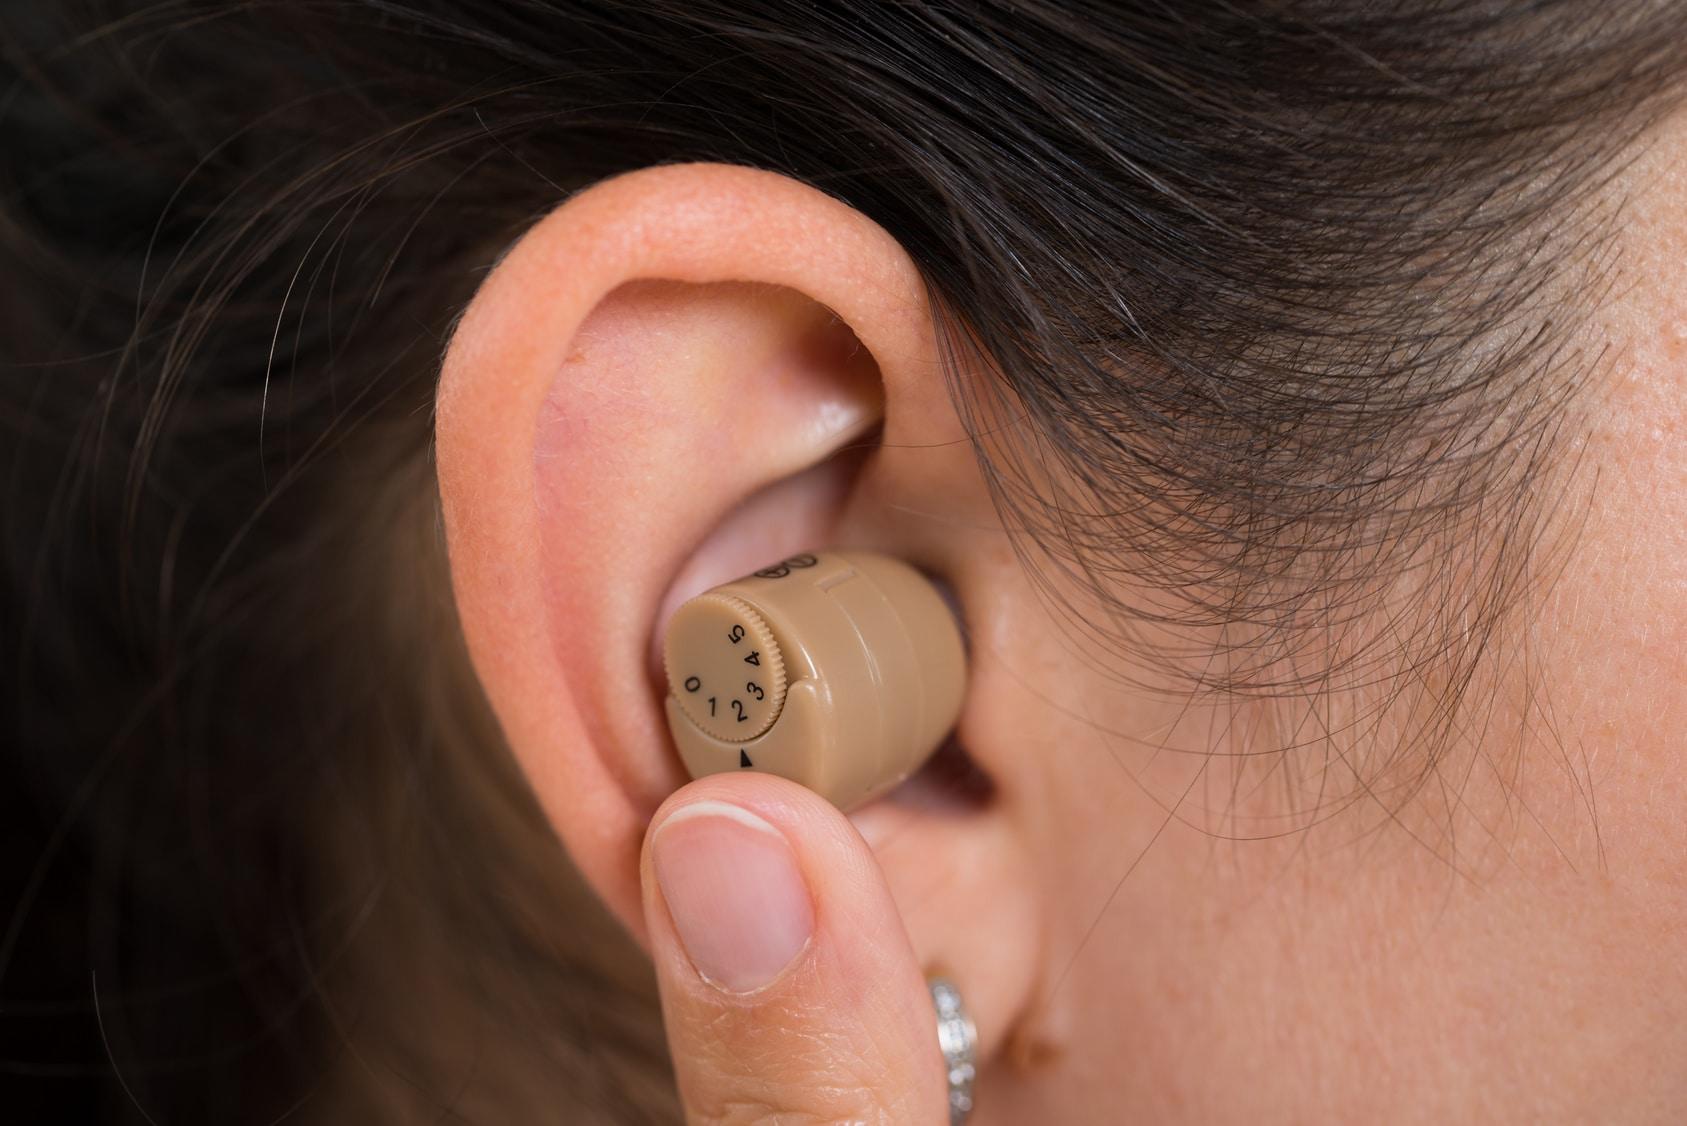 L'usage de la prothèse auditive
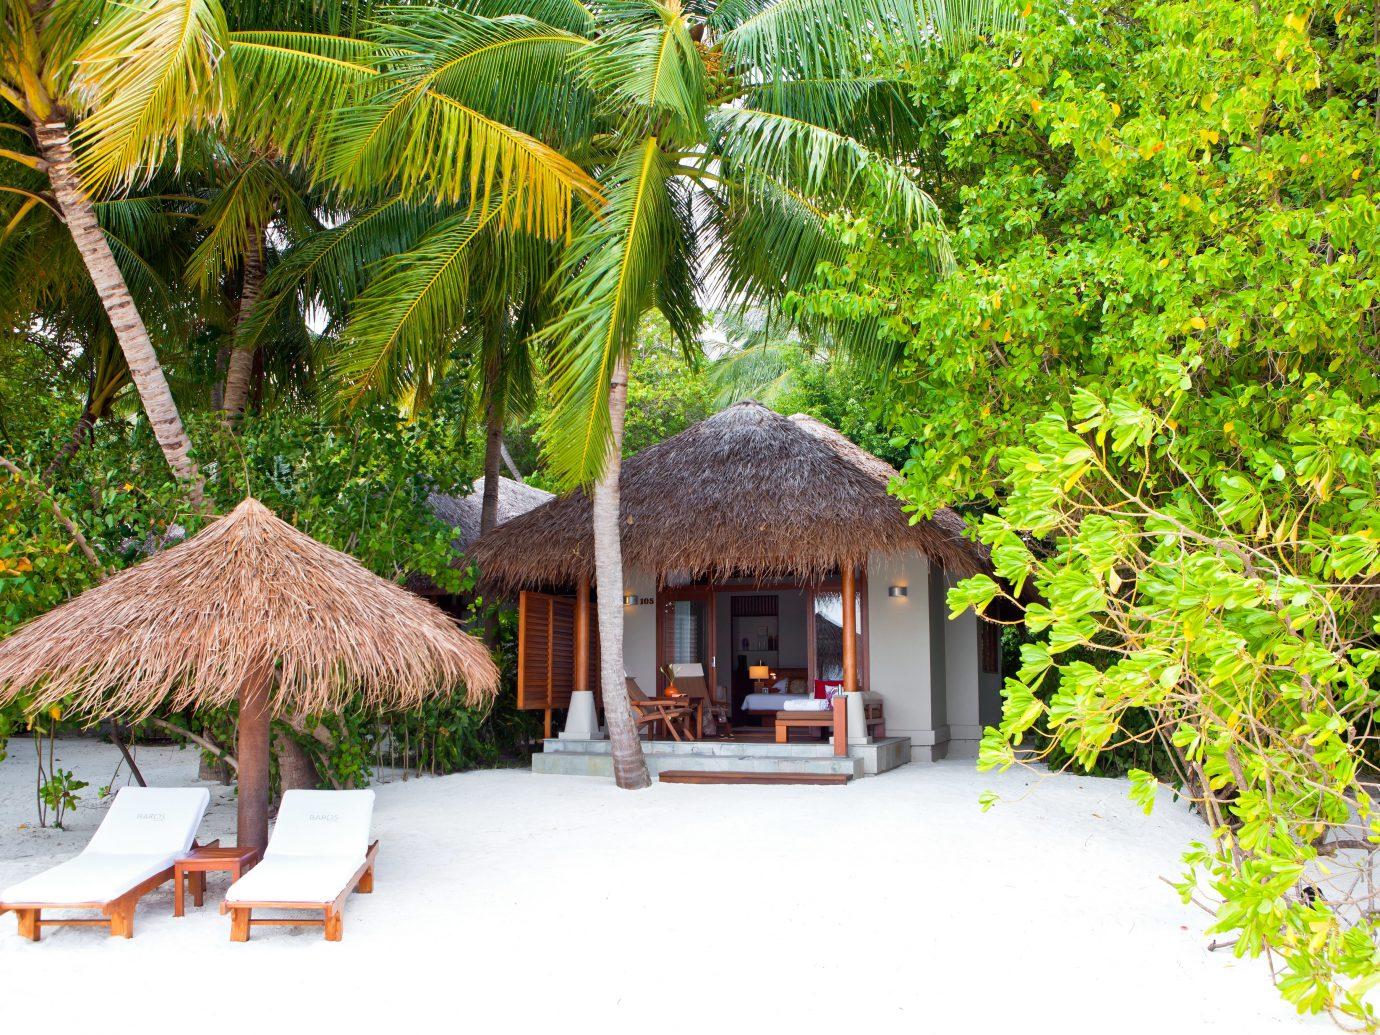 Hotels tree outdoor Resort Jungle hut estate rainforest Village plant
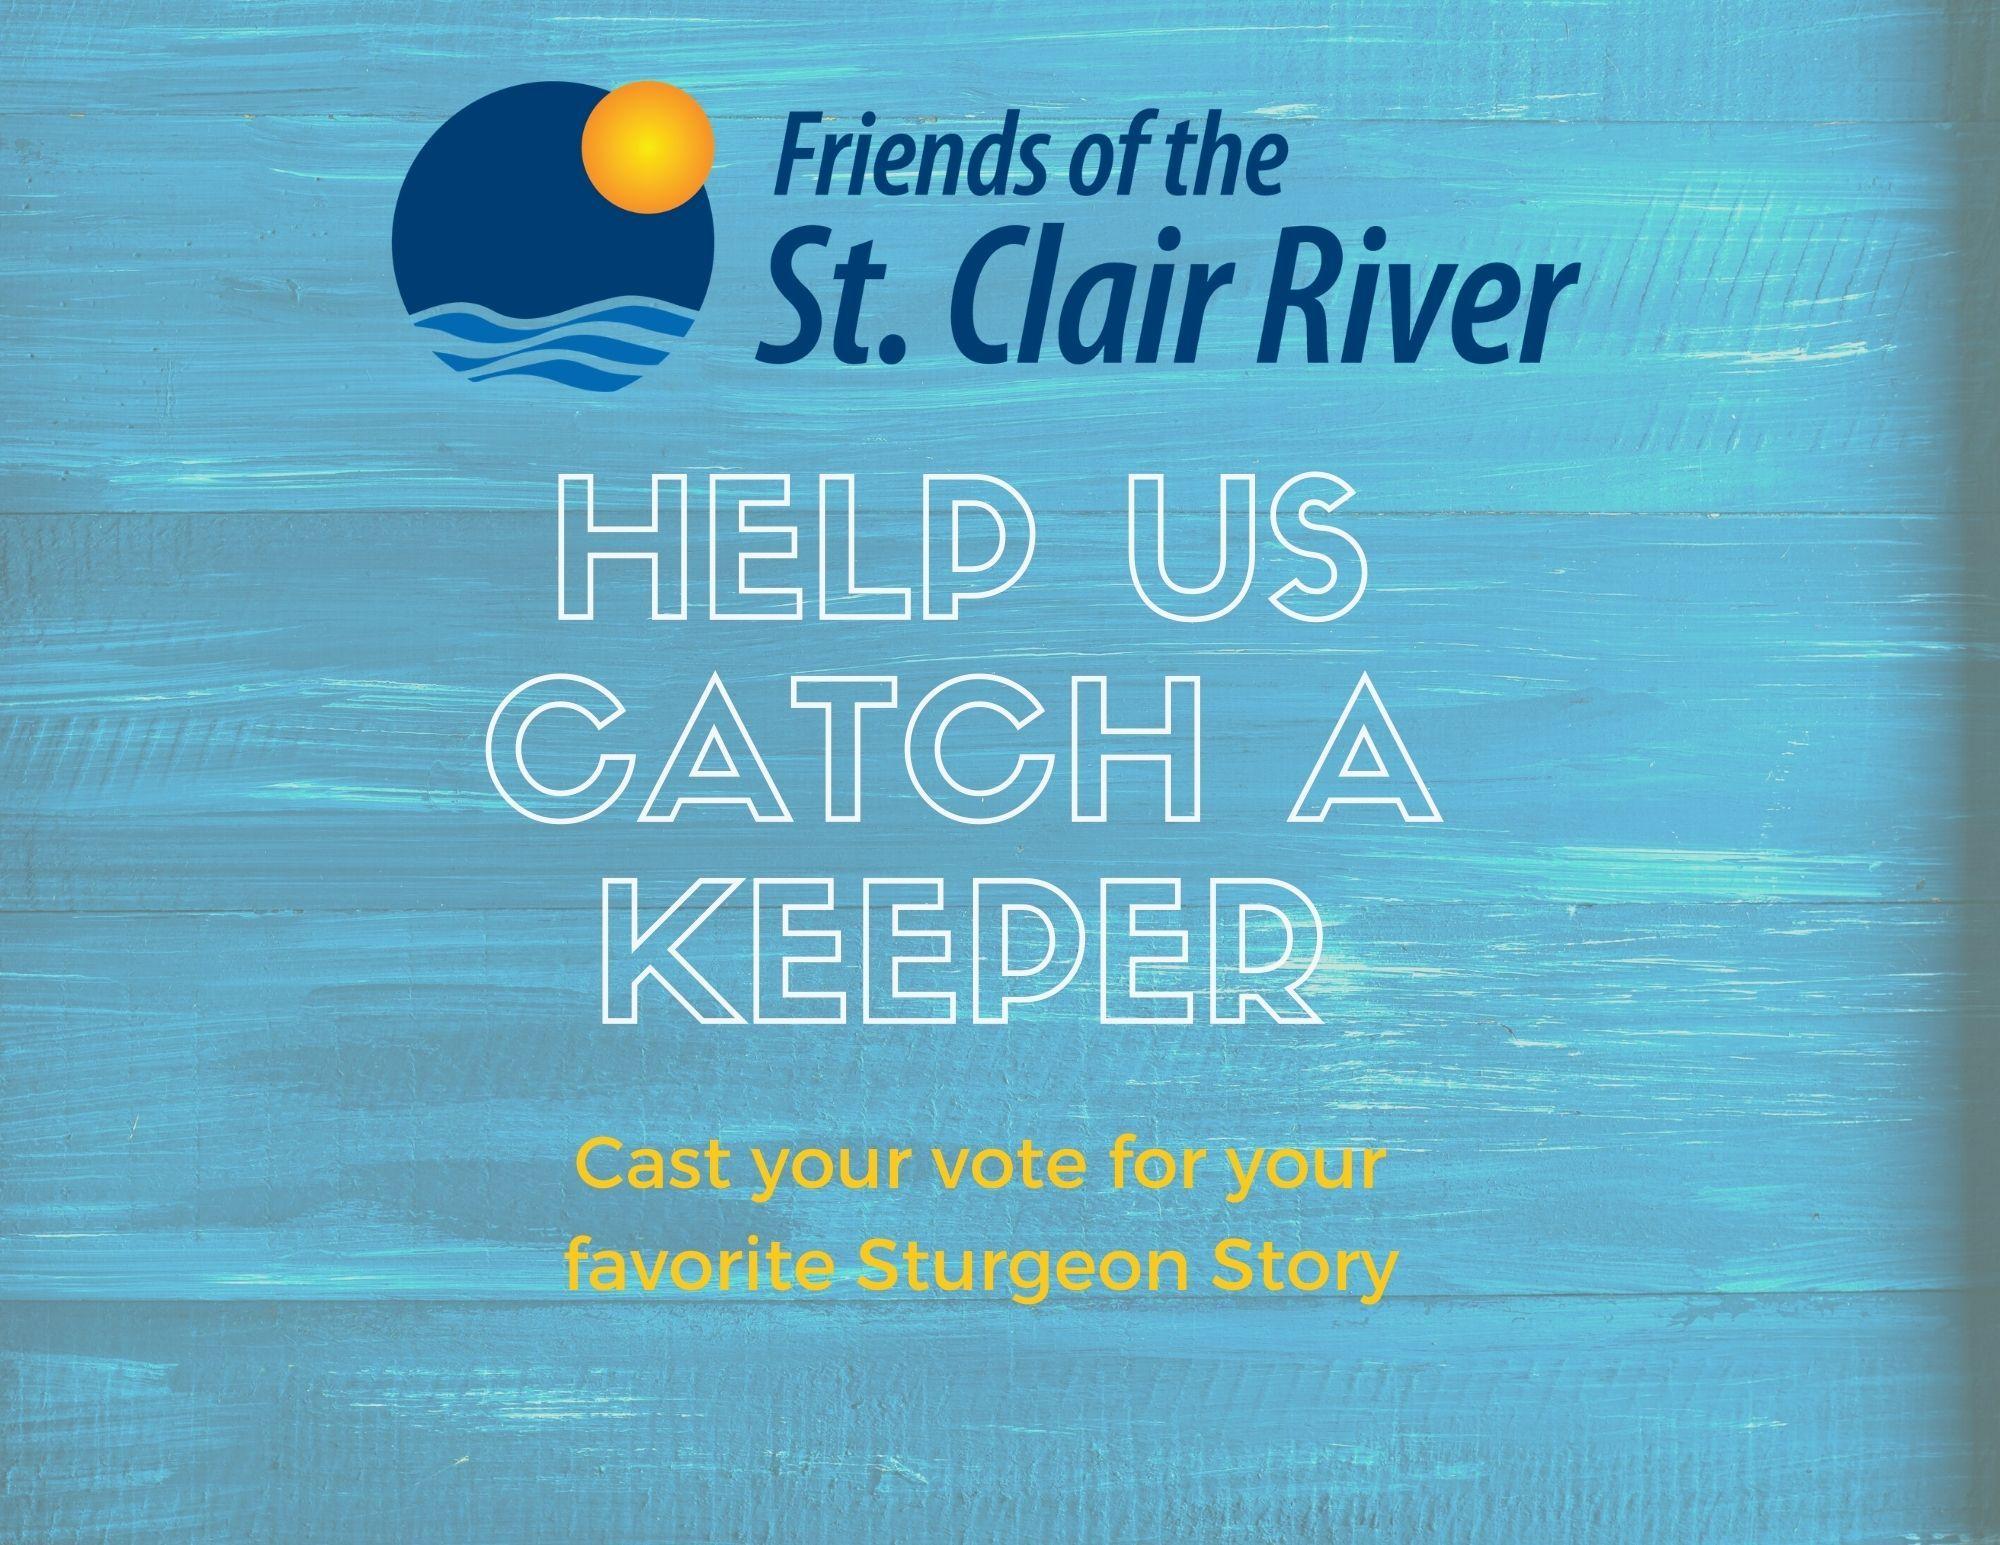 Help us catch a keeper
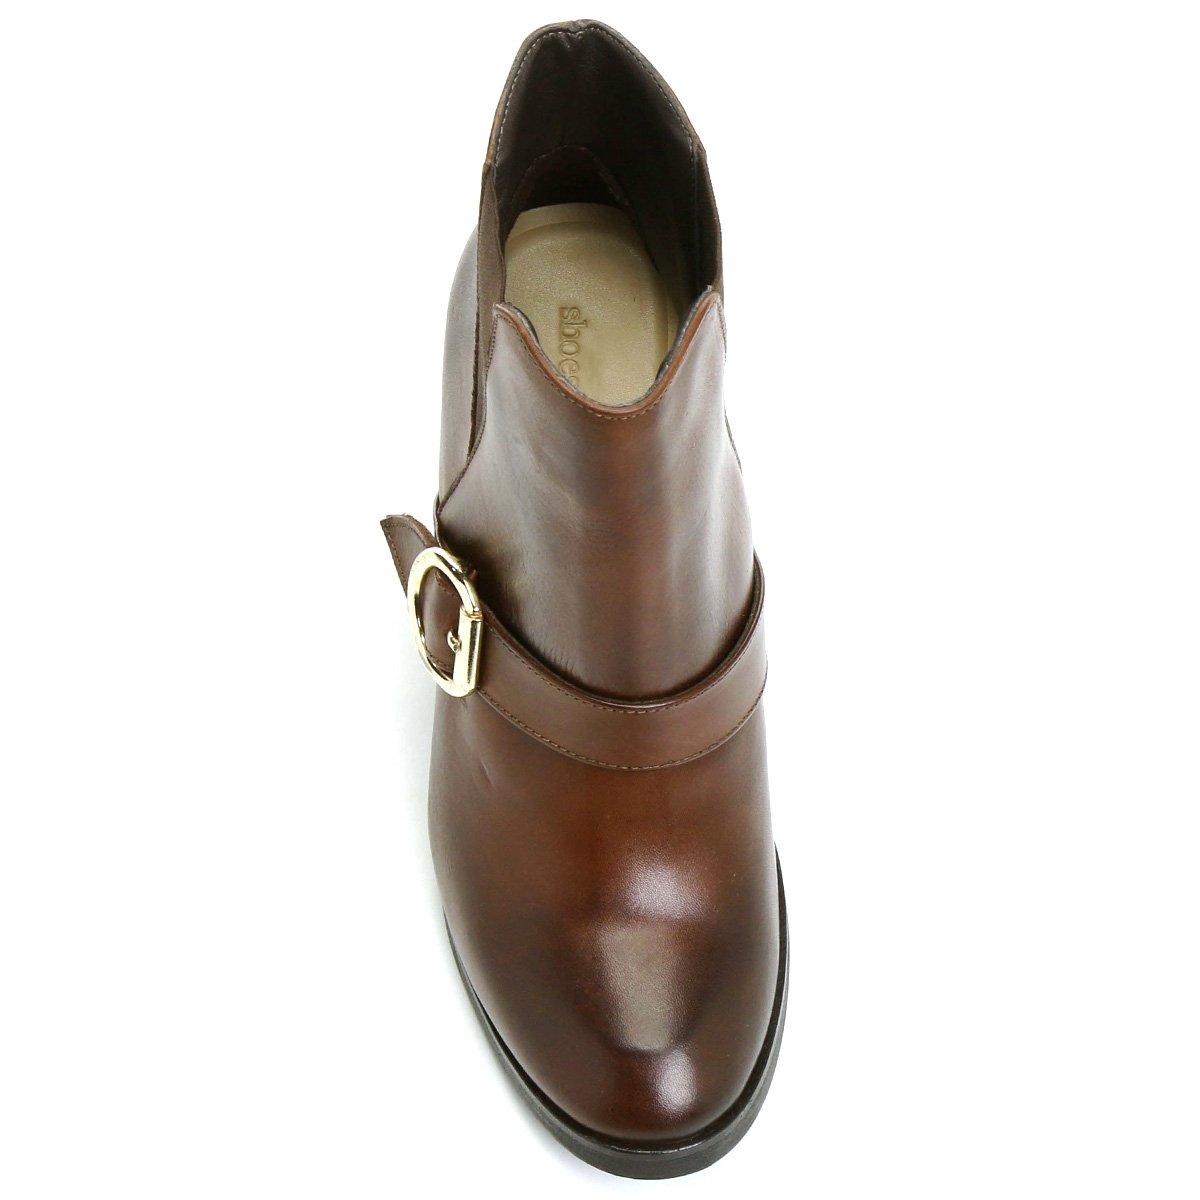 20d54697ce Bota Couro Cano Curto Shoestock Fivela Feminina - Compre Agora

###

▸ INSTRUCTIONS TO FOLLOW:
Once the pictures are removed, output the remaining material exactly.

▸ OUTPUT FOR THIS TASK:
 L'usage de la prothèse auditive
 Hotels tree outdoor Resort Jungle hut estate rainforest Village plant
 Help us catch a keeper
 20d54697ce Bota Couro Cano Curto Shoestock Fivela Feminina - Compre Agora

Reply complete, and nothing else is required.